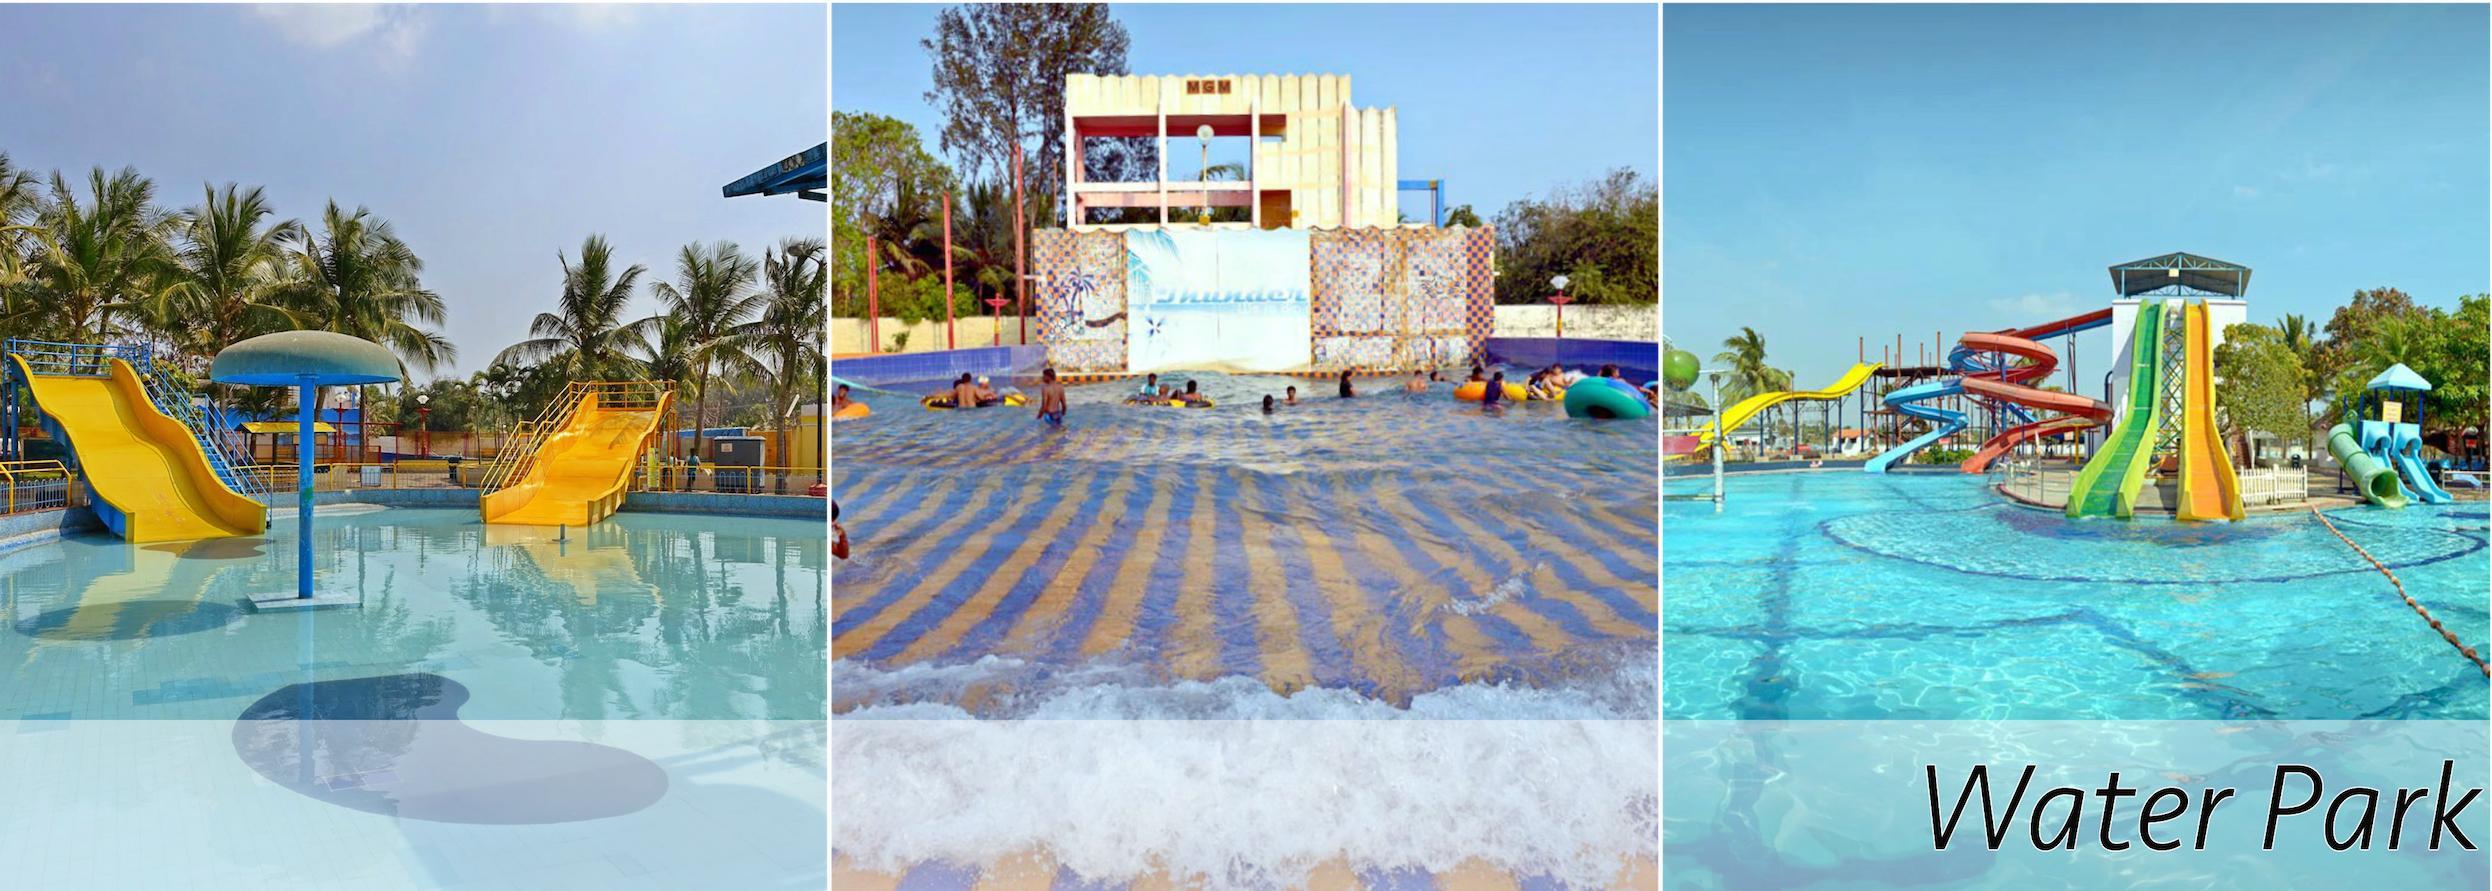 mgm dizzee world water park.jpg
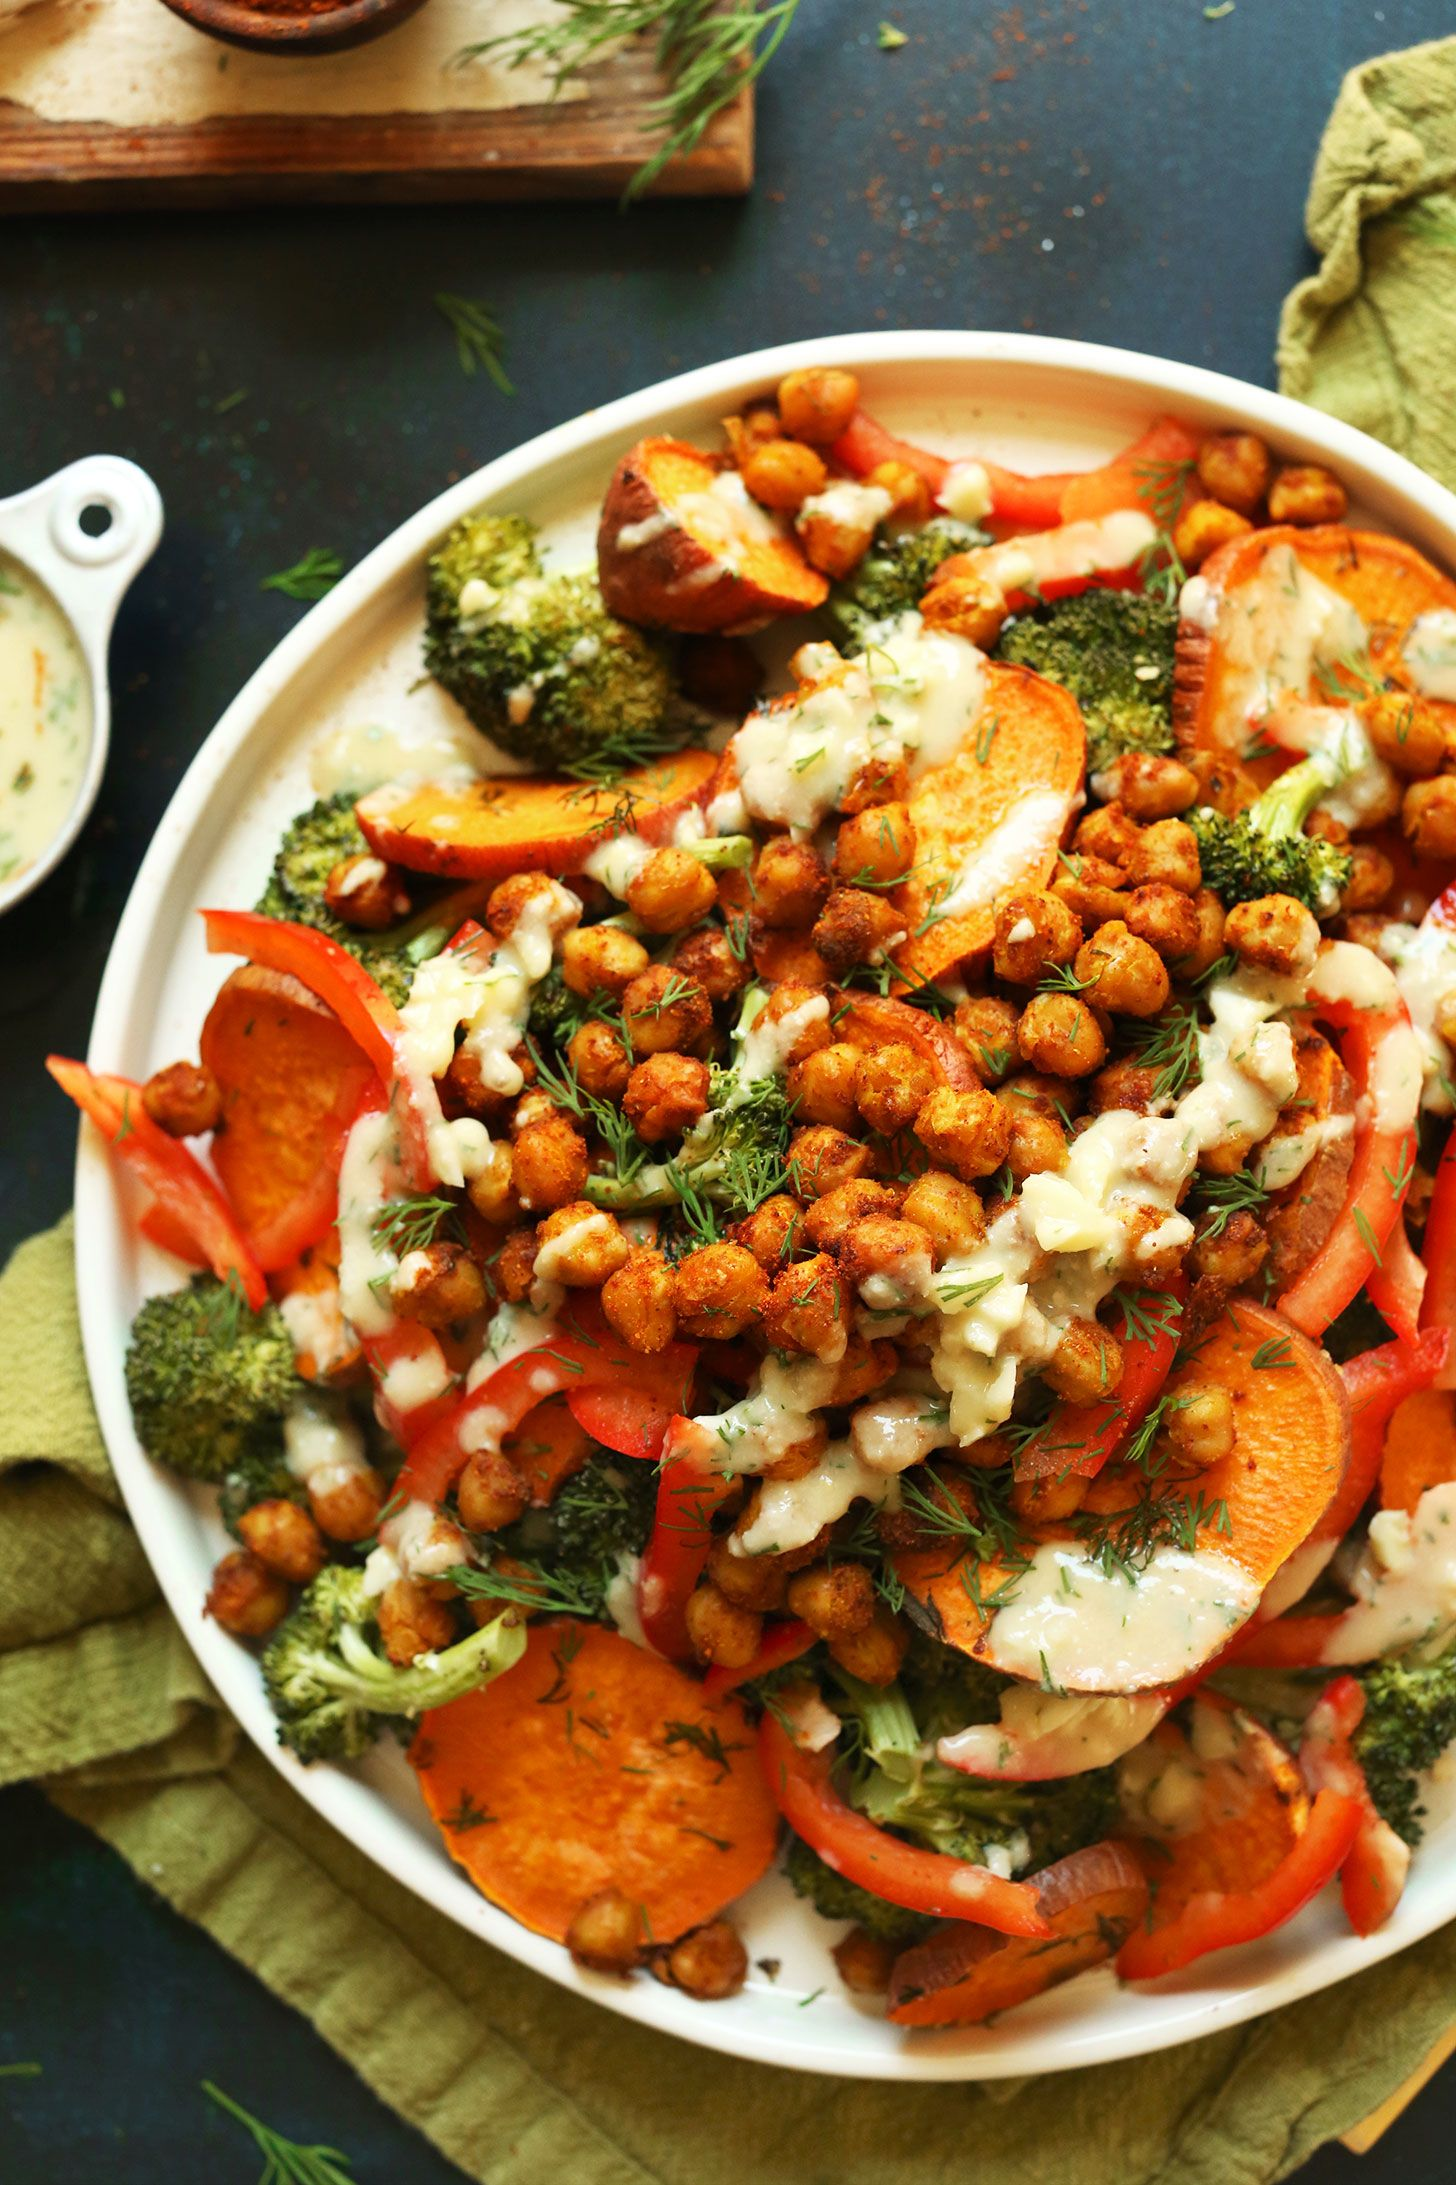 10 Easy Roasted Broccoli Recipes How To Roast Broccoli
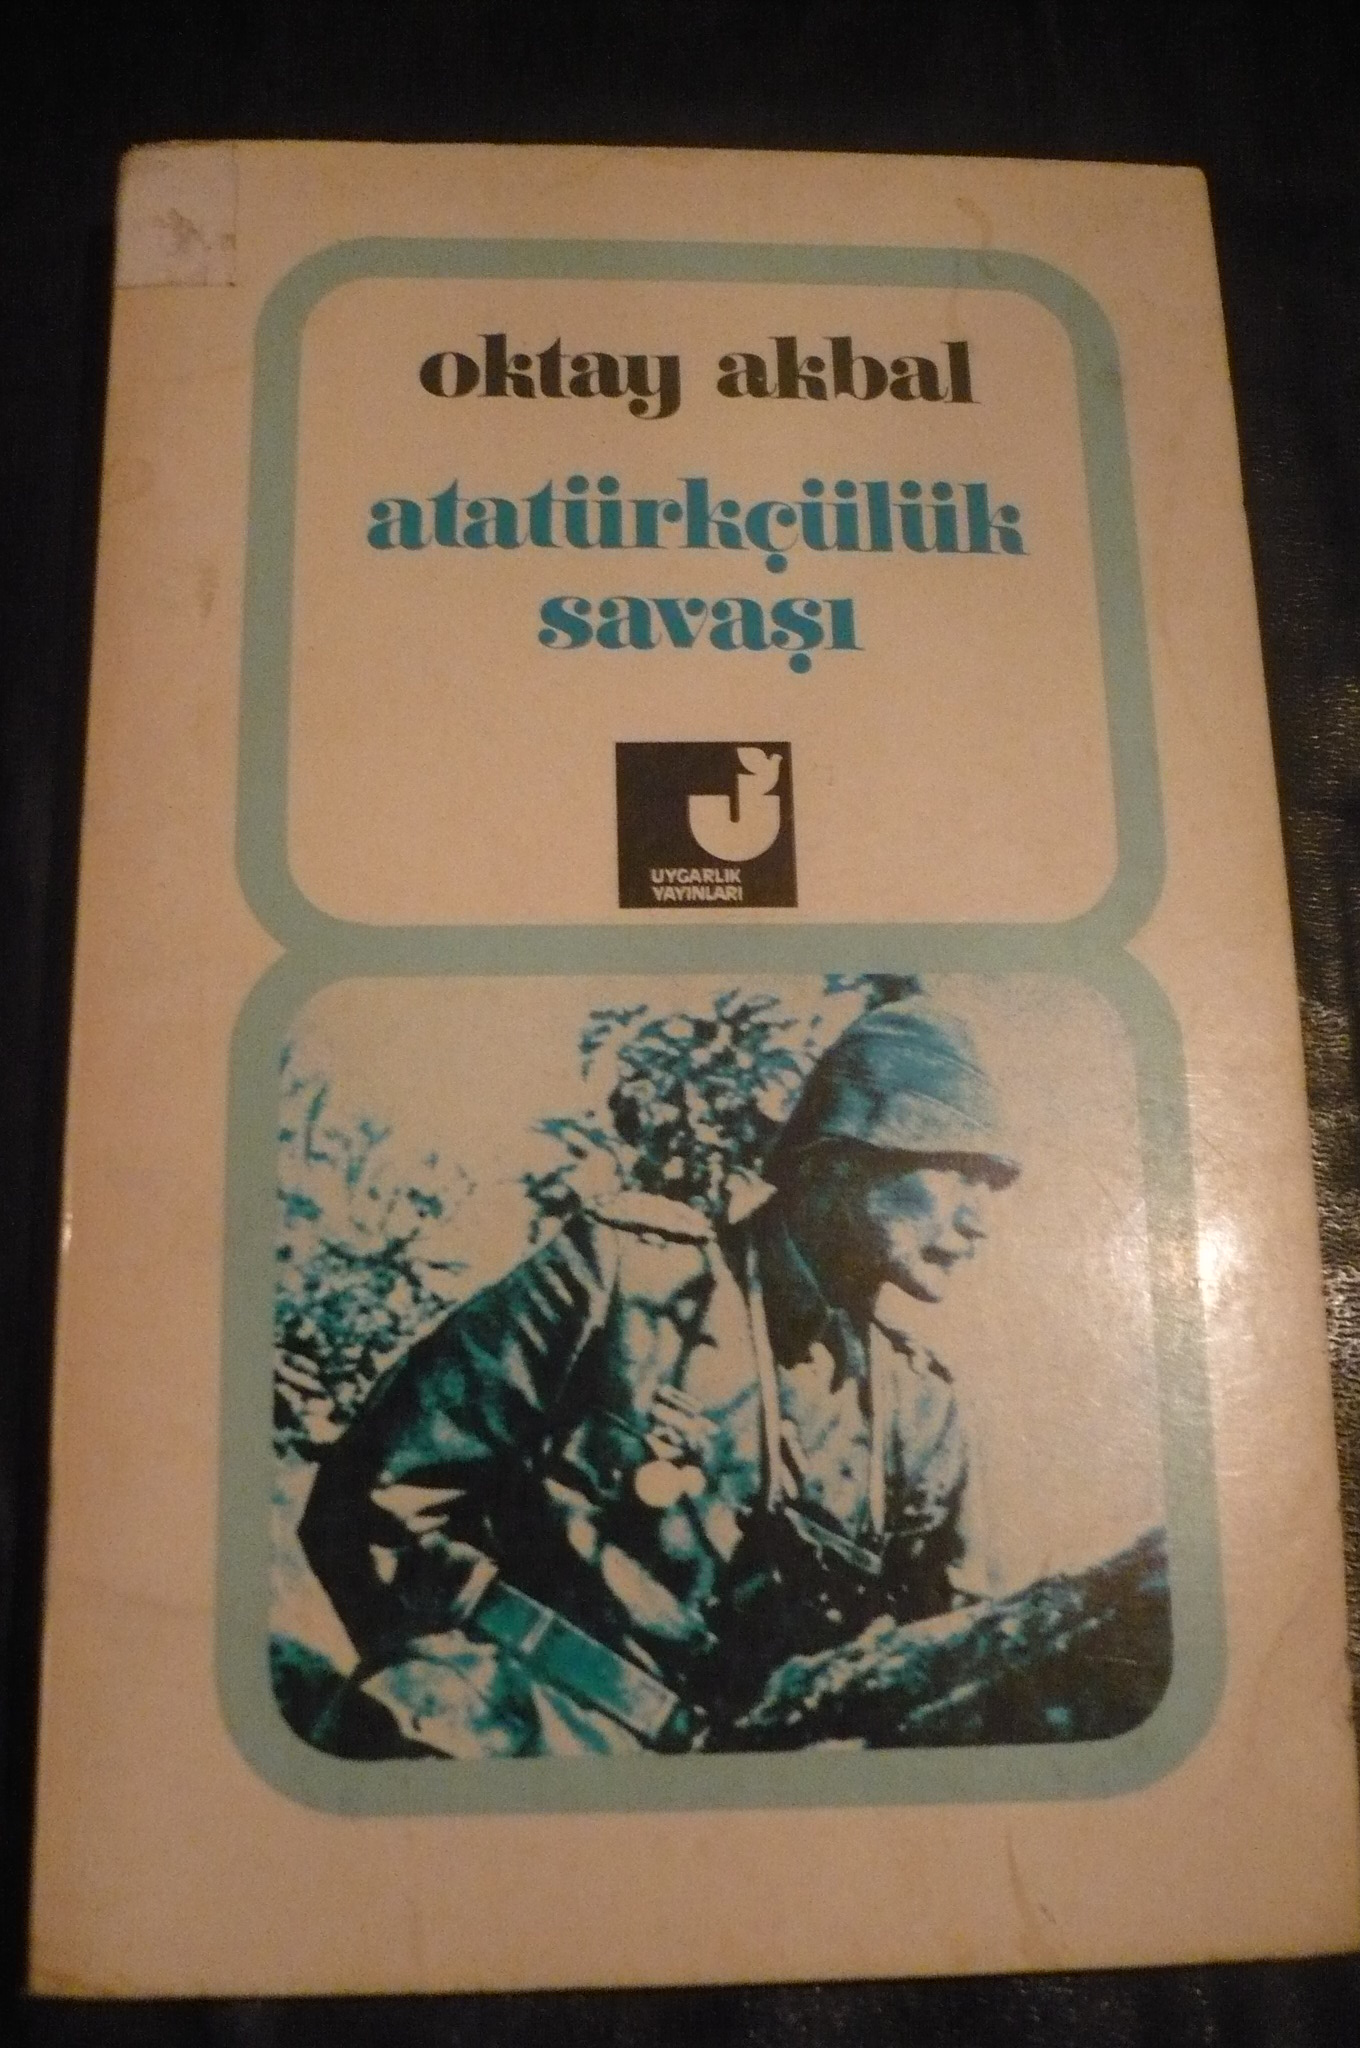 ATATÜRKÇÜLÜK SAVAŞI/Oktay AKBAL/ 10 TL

#### [YOUR OBJECTIVE]
Restate the listing word for word, pictures omitted.

#### [TASK ANSWER]
 mgm dizzee world water park.jpg
 10 Easy Roasted Broccoli Recipes How To Roast Broccoli
 ATATÜRKÇÜLÜK SAVAŞI/Oktay AKBAL/ 10 TL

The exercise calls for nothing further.